=== The data ===
------------

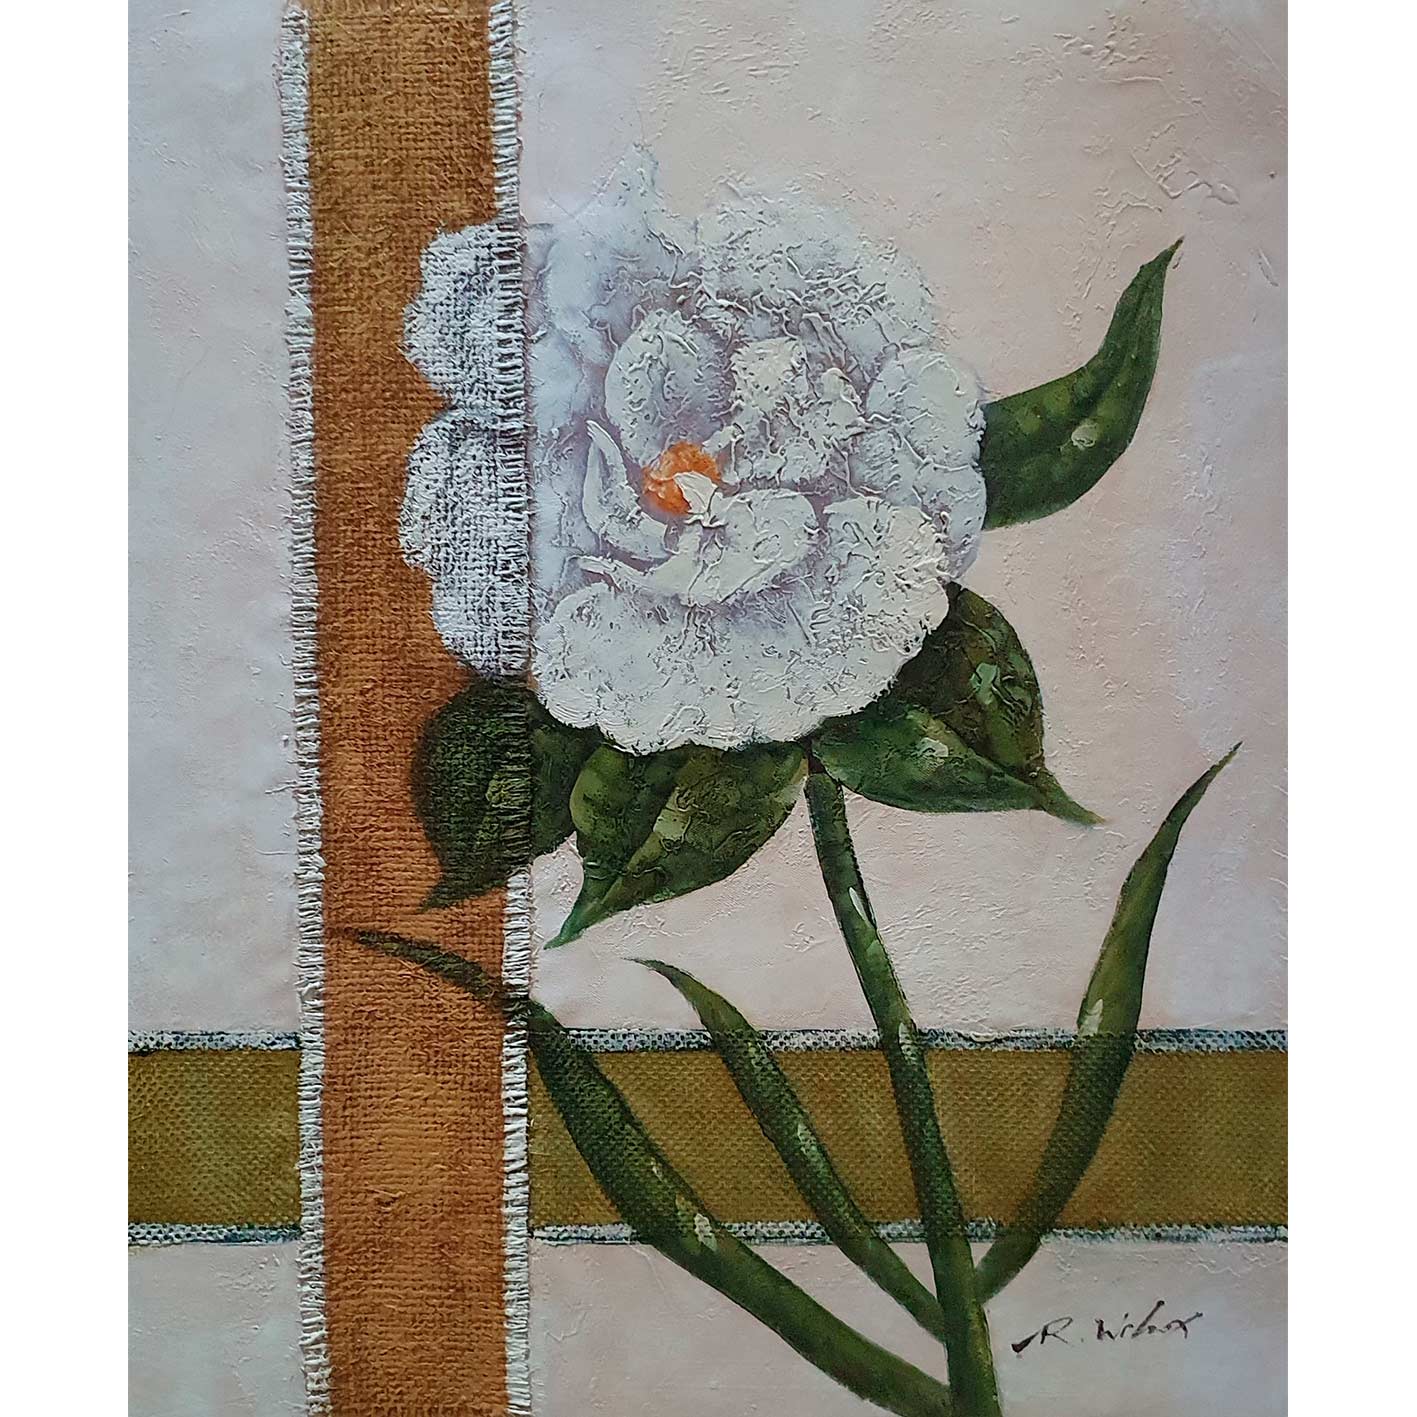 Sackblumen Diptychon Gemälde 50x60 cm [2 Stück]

------------

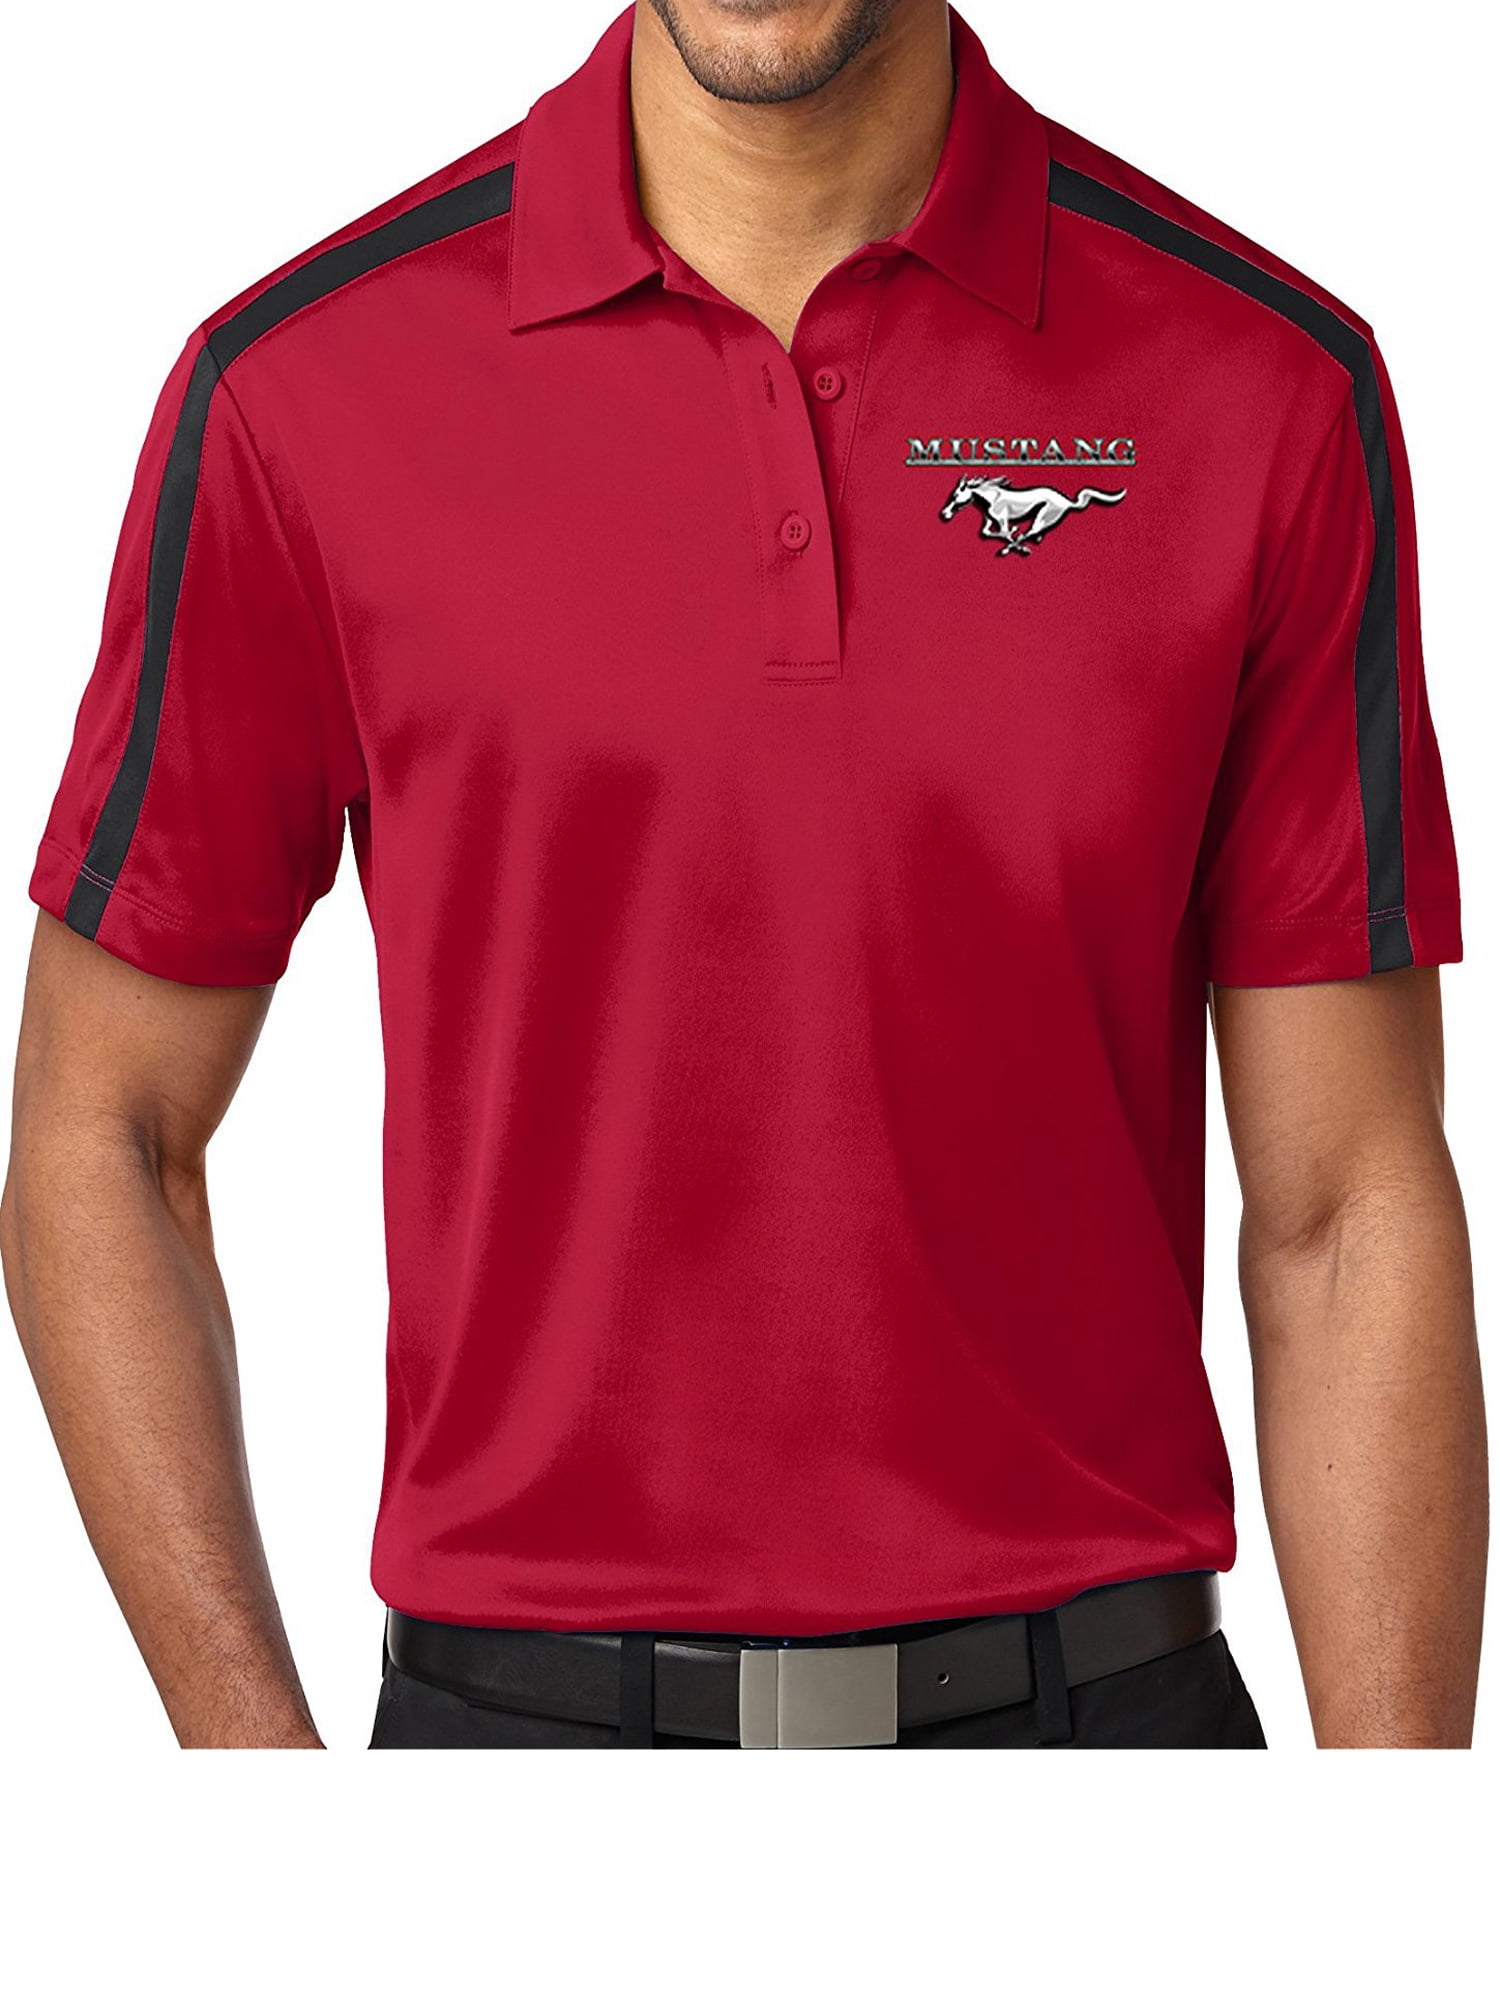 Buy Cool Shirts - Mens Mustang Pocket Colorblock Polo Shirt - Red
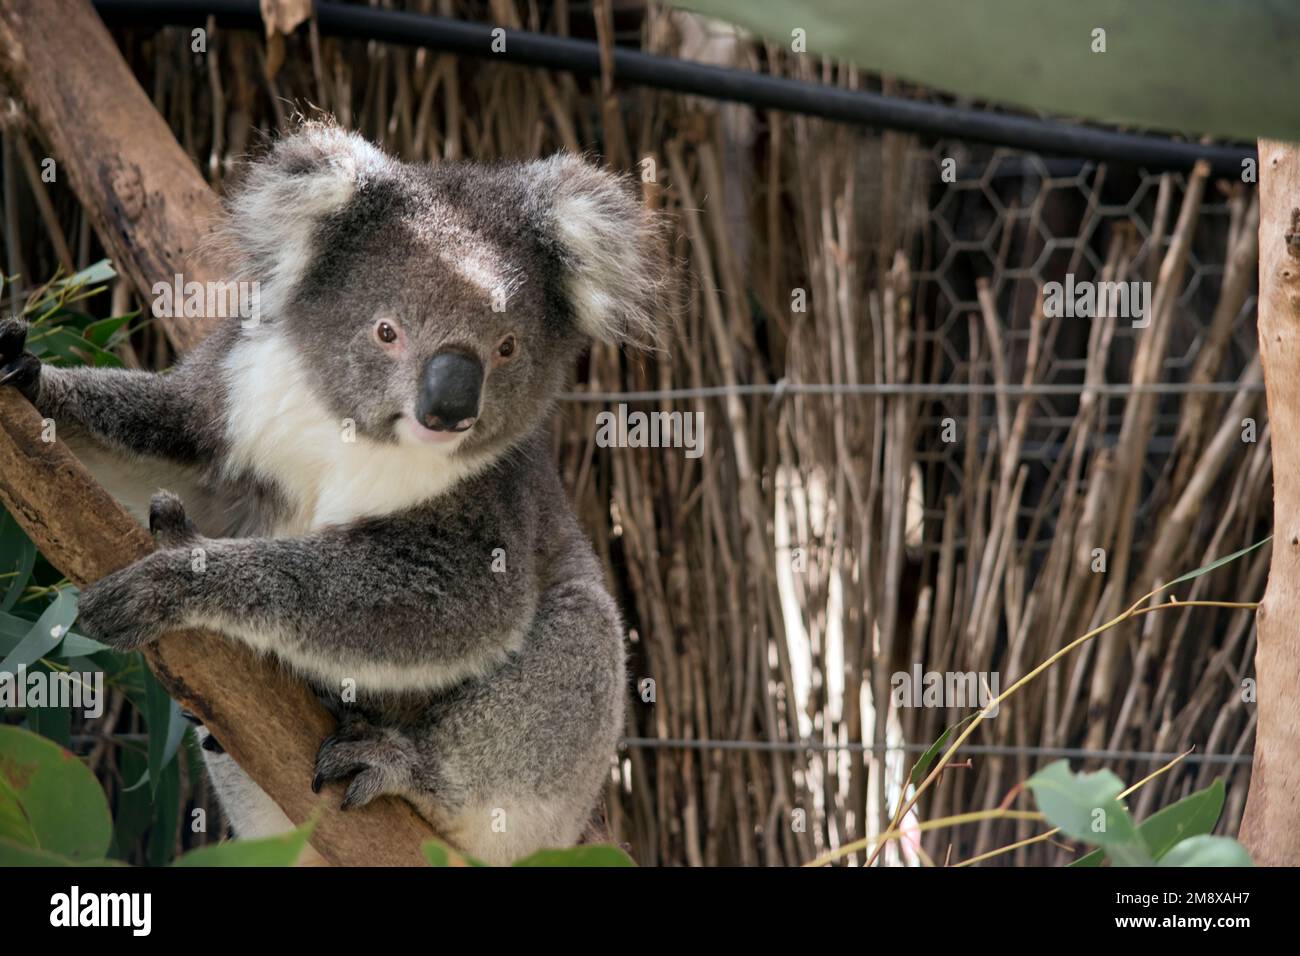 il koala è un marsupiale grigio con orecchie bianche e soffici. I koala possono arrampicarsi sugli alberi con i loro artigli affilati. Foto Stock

------------

=== Problem statement ===
Using the data above, print only the lines starting at the one with "Buy Cool Shirts" and ending at the one with "il koala è un", exactly as they stand, minus the pictures.

=== Worked solution ===
 Buy Cool Shirts - Mens Mustang Pocket Colorblock Polo Shirt - Red
 il koala è un marsupiale grigio con orecchie bianche e soffici. I koala possono arrampicarsi sugli alberi con i loro artigli affilati. Foto Stock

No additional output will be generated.